My personal library began growing when I joined the Doubleday Science Fiction Book Club as a teenager. Almost every month I got one or two cheap hardbacks by people like Isaac Asimov and Clifford D. Simak. In college I took lots of literature classes, each requiring the purchase of several books. In addition, I loved spending any extra money I had at college bookstores.
Near the start of my newspaper career I began reviewing books, which meant publishers sending me books by the armload. In my mid-thirties, my wife and I purchased a spacious new home that seemed to have an endless amount of room for an endless number of books.
But then I got old and the time came for downsizing. I like having lots of books around, but my son does not feel the same way. And then we bought a condo and, eventually, I sold my big house. "Too many books" became a reality, one I am still trying to deal with.
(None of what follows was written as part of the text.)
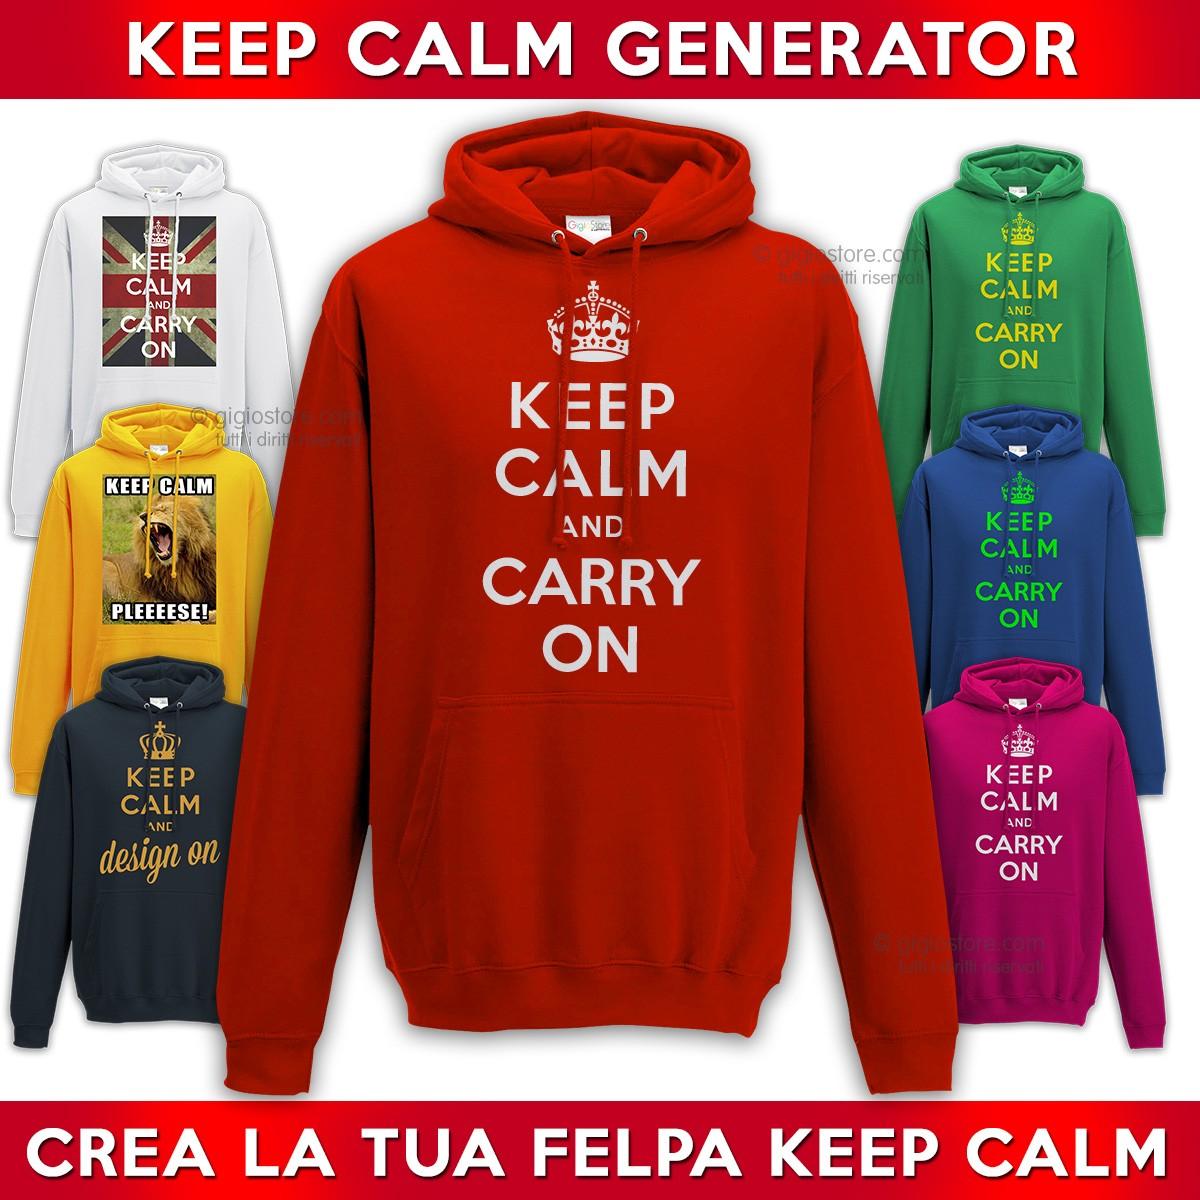 various colors eca6d 1c0d6 KEEP CALM Generator FELPA Personalizzata | Gigio Store

I sold about half my library at auction. Most of the rest are in storage. Yet old habits die hard, if they die at all, and I continue to acquire books. I no longer, however, feel compelled to keep every book I read. Even so, I am practically buried in books.
And then I became condo librarian. Residents regularly donate books, which is good, but since the shelves are already filled, I must take one book off the shelves each time another is donated. Here too there are too many books.
I was fascinated by the very first page of Donna Leon's 2023 mystery So Shall You Reap. Guido Brunetti, Leon's hero, has but four bookshelves in his own home — his wife, a professor, claims the rest — and they are full. It is time for what he terms The Cull.
"The first shelf held books he knew he would read again; the second, at eye level, held books he wanted to read for the first time; the third, books he'd not finished but believed he would; and the bottom shelf held books he had known, sometimes even as he was buying them, that he would never read."
I have many more books than Brunetti has, and my shelves are not nearly as well organized, and yet my approach to culling is essentially the same as his. He begins at the bottom, with those books he knows he will never read. And that is where I must also begin.